EXTRACTED ENTRIES Start Marker
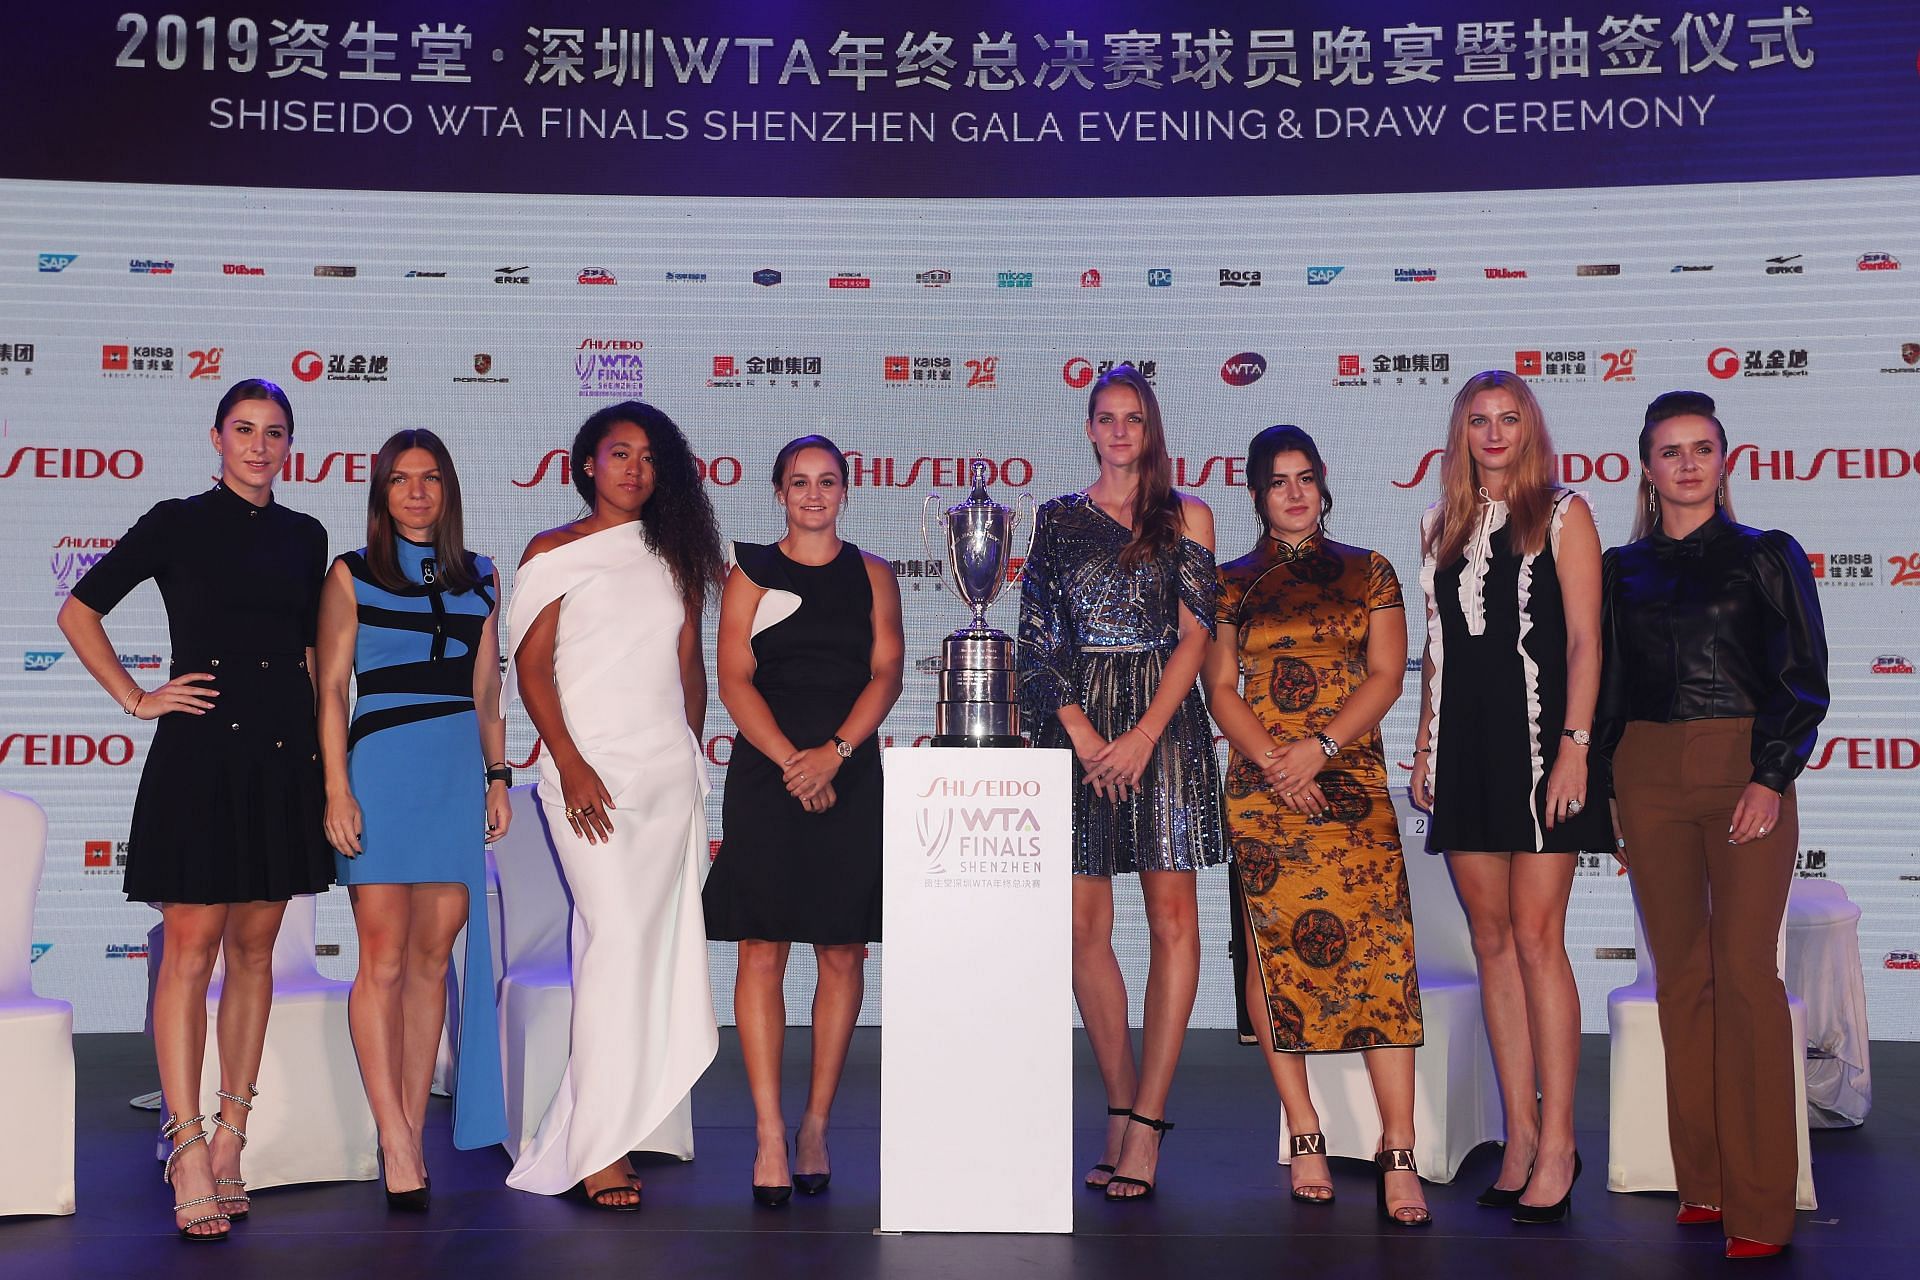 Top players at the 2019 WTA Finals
EXTRACTED ENTRIES End Marker
EXTRACTED ENTRIES Start Marker
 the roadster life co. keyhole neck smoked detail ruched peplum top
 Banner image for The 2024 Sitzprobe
EXTRACTED ENTRIES End Marker
EXTRACTED ENTRIES Start Marker
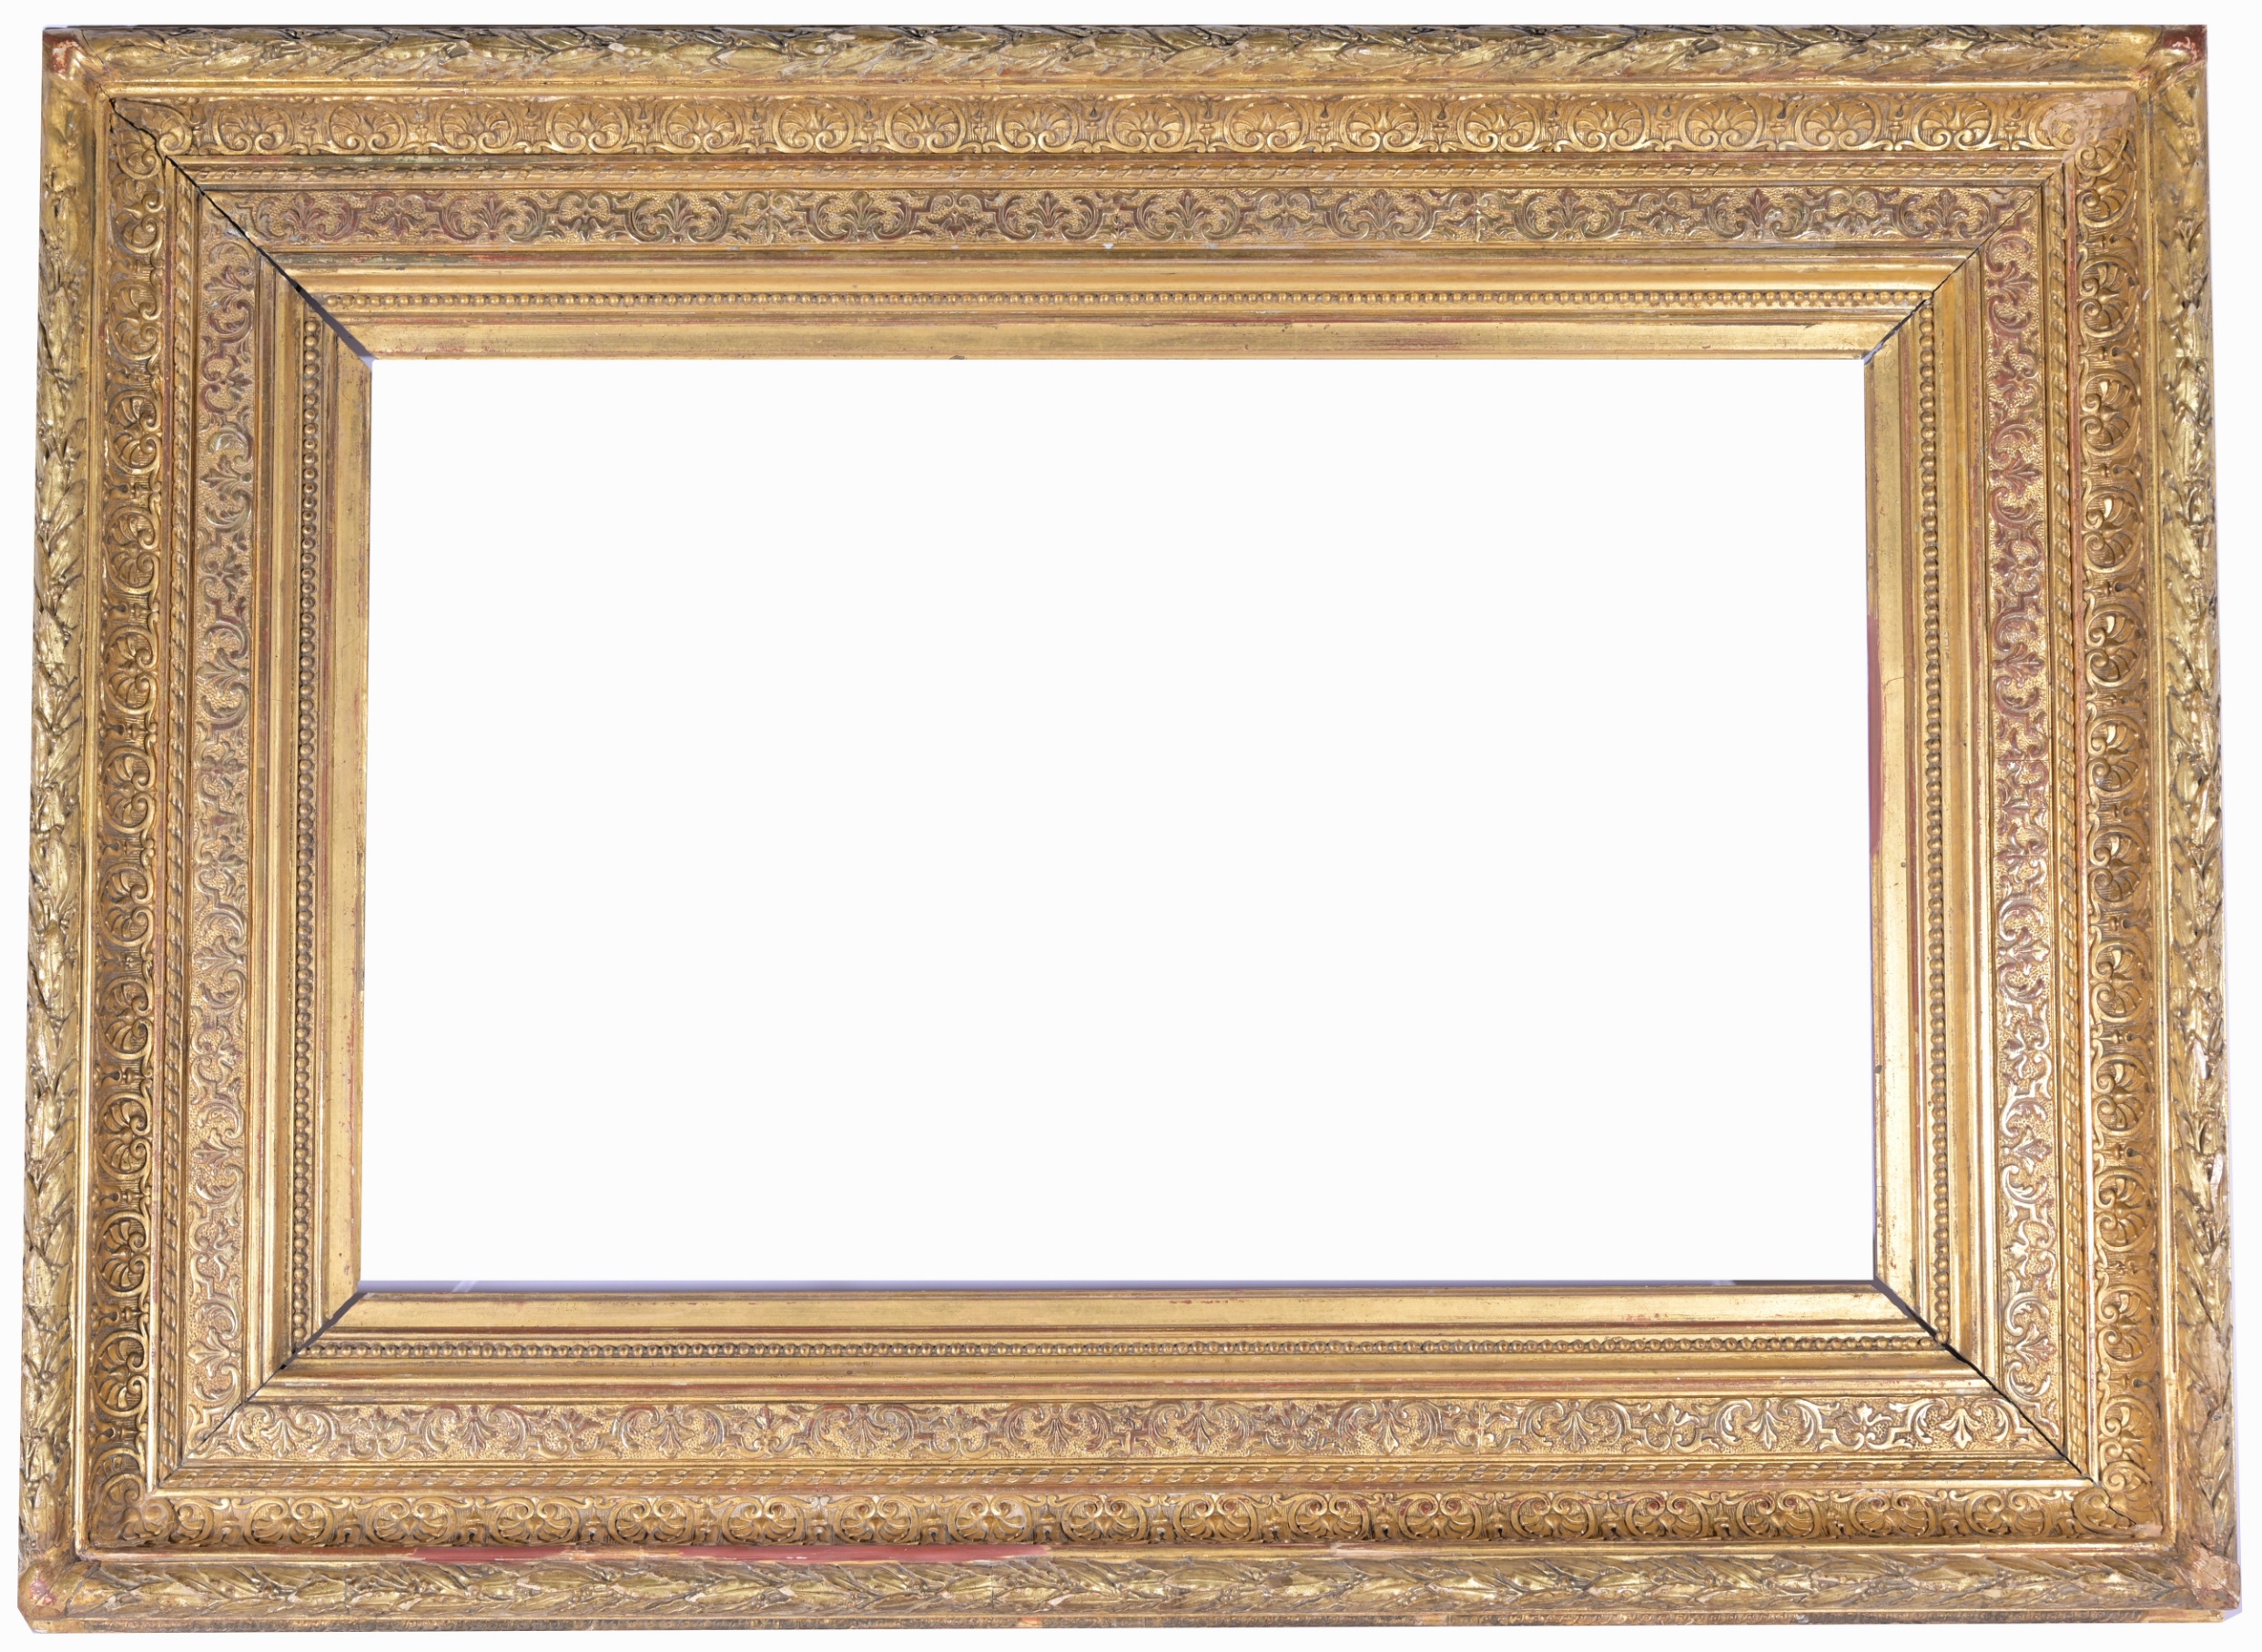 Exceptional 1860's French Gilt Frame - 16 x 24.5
EXTRACTED ENTRIES End Marker
* **TASK STATEMENT**
Beginning at the line above that contains "the roadster life", return each line exactly through the line that contains "Banner image for The 2024 Sitzprobe", and no others.

* **TASK SOLUTION**
 the roadster life co. keyhole neck smoked detail ruched peplum top
 Banner image for The 2024 Sitzprobe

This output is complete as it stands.